▼
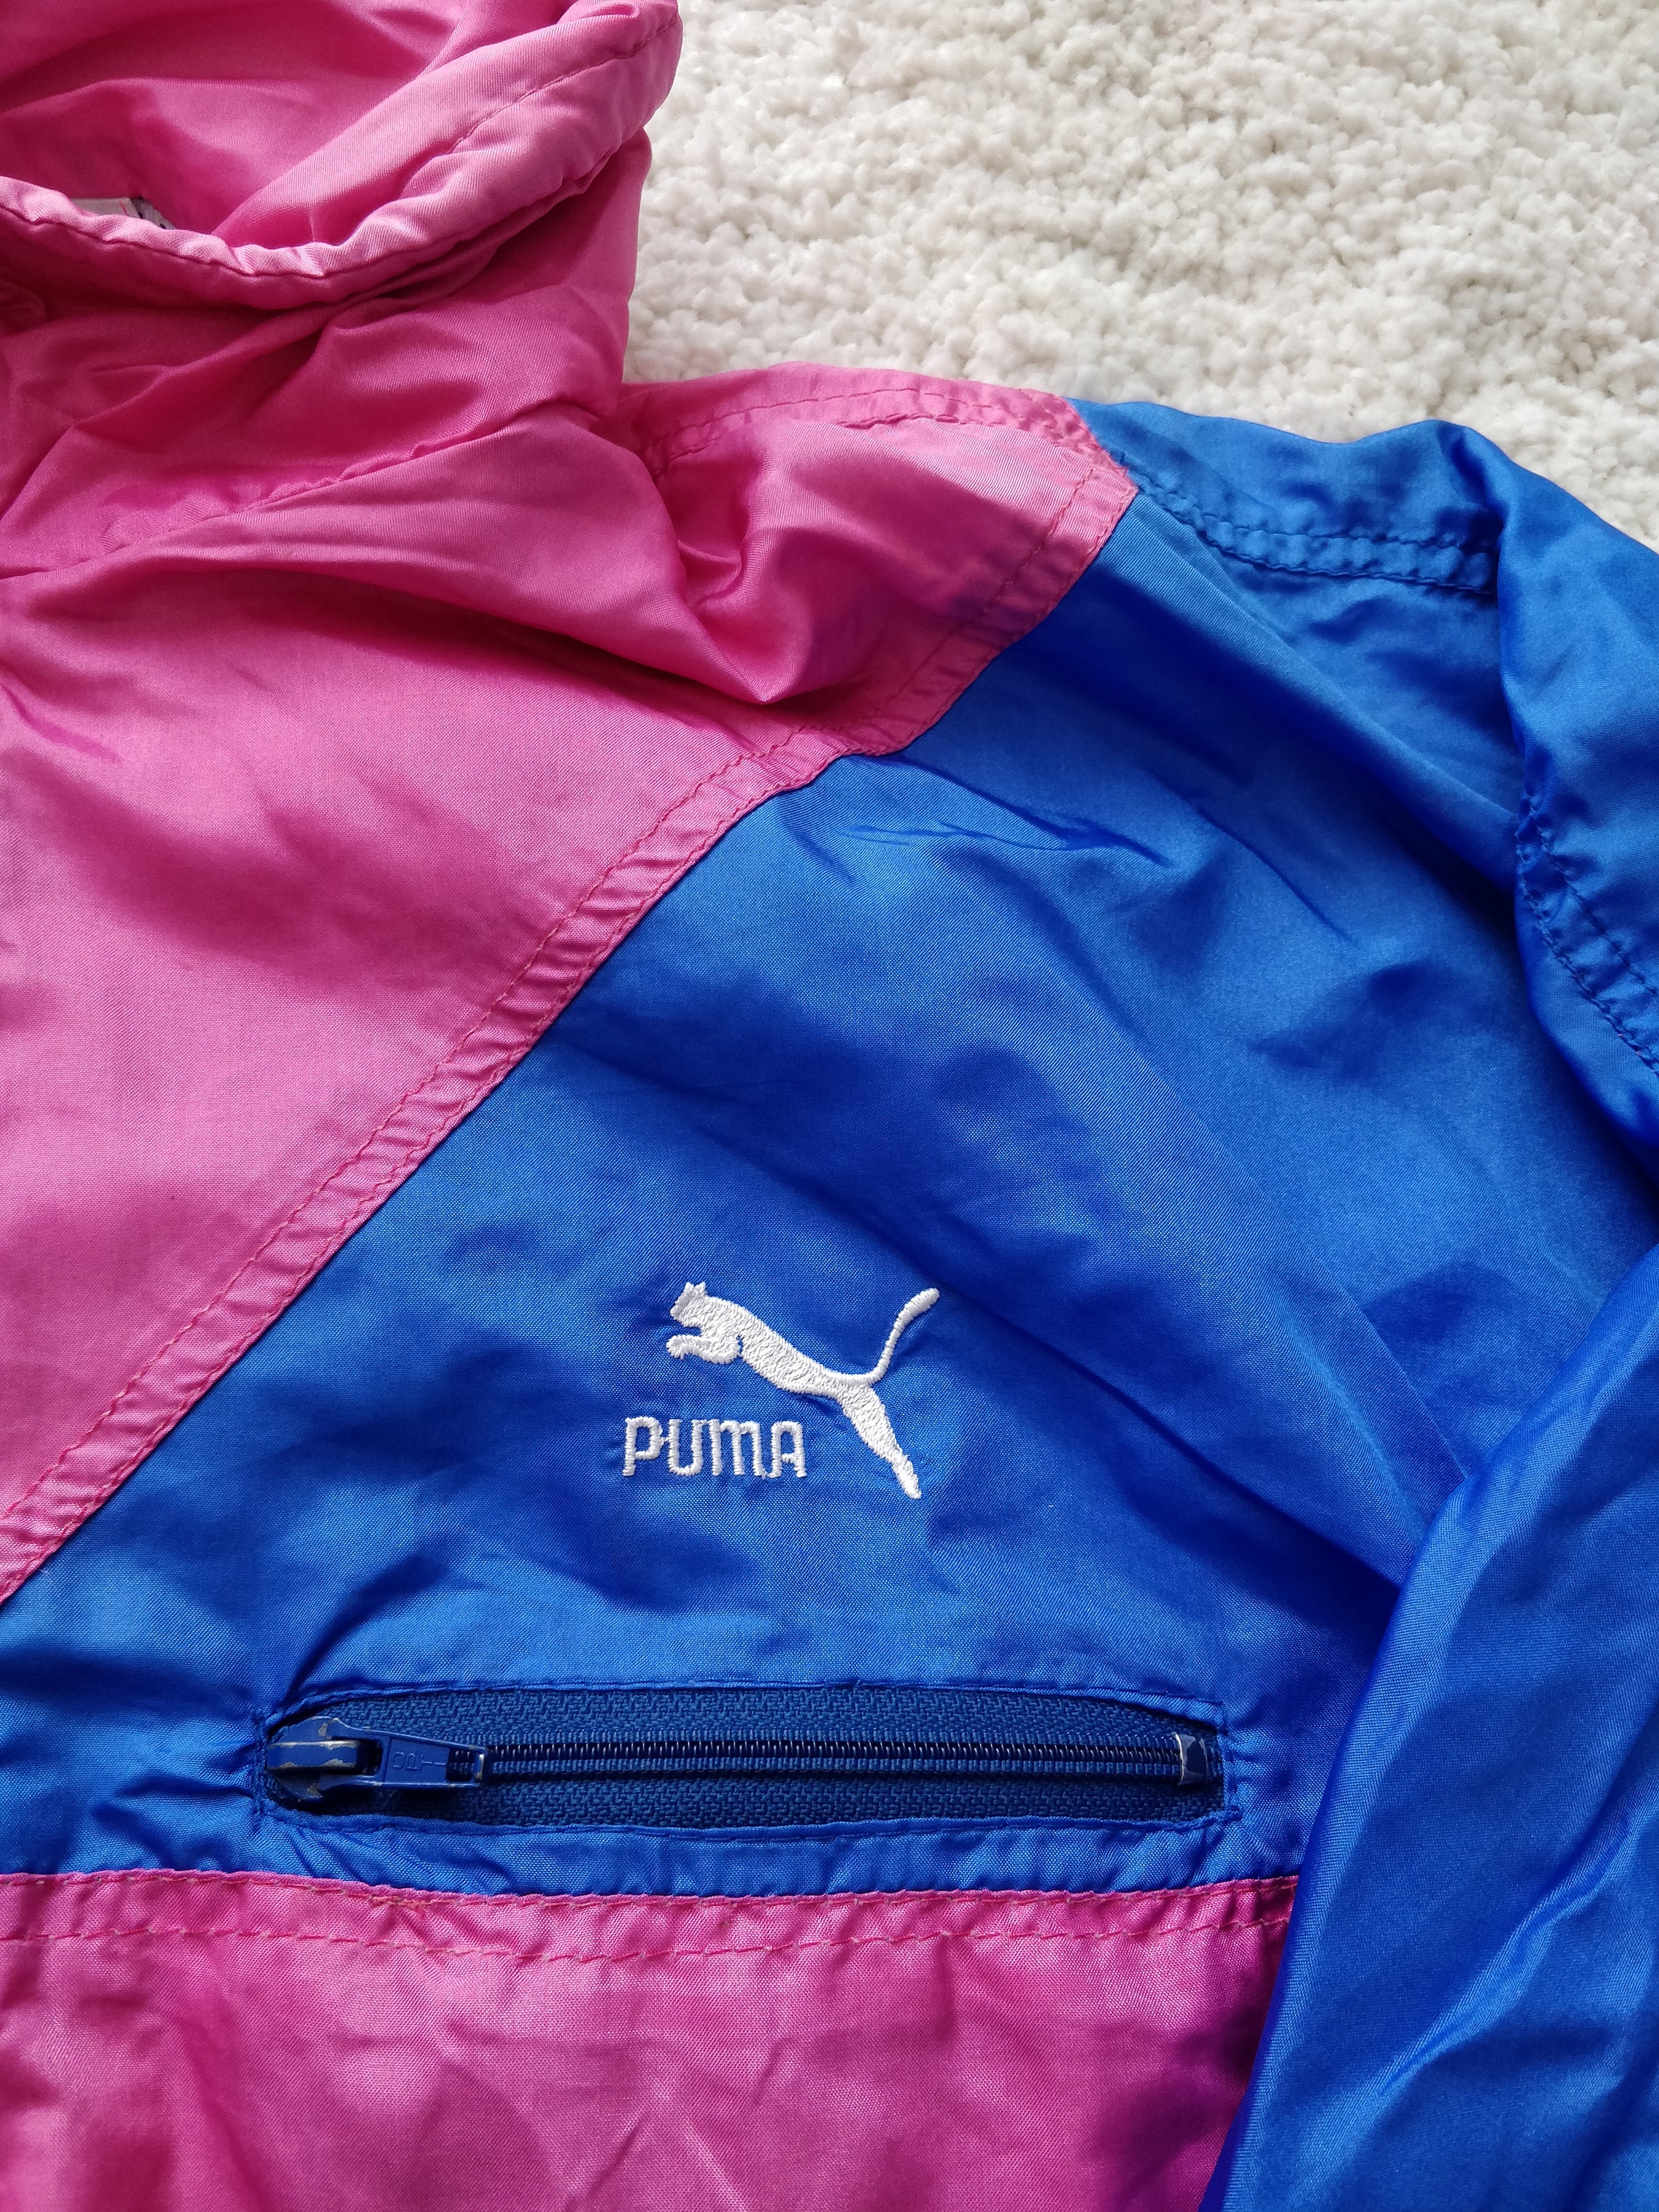 Puma Vintage Swiss Track Top Nylon Hooded Jacket Blue Pink | Etsy
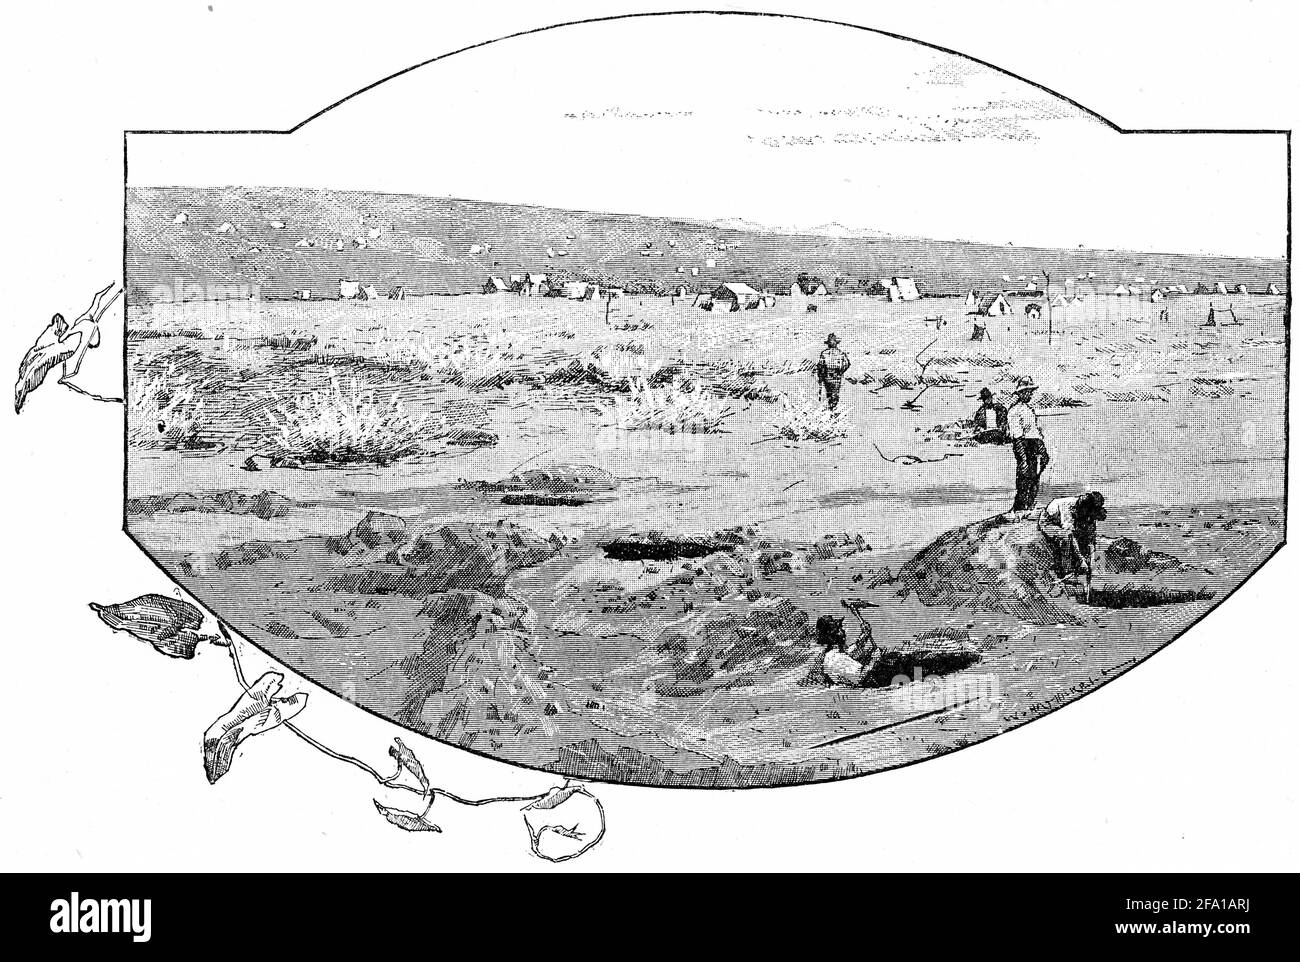 Engraving of men working the Teetulpa goldifelds in Australia during the gold rush days Stock Photo
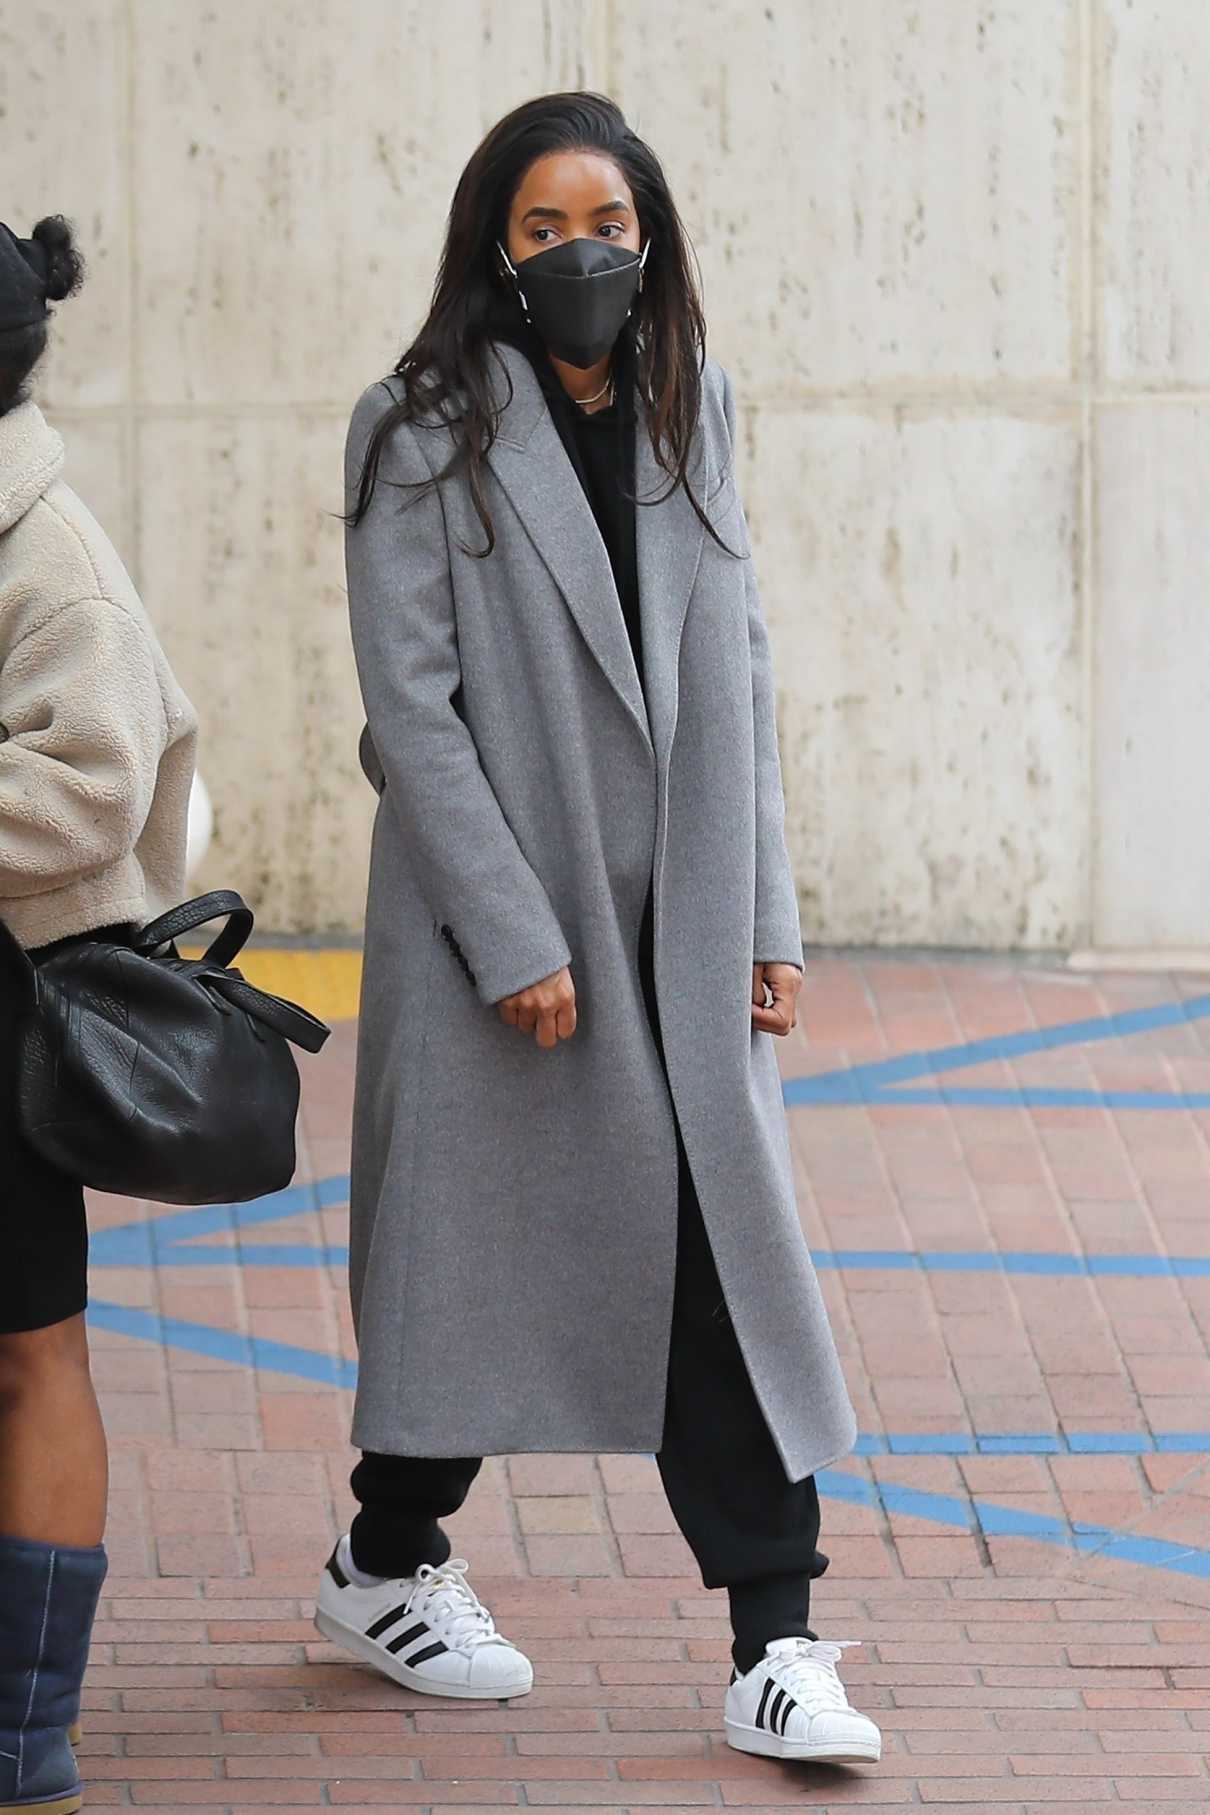 Kelly Rowland in a Grey Coat
▲
Description of the task. Exclude every picture and restate the listing word for word.

Response.
 Puma Vintage Swiss Track Top Nylon Hooded Jacket Blue Pink | Etsy
 Engraving of men working the Teetulpa goldifelds in Australia during the gold rush days Stock Photo
 Kelly Rowland in a Grey Coat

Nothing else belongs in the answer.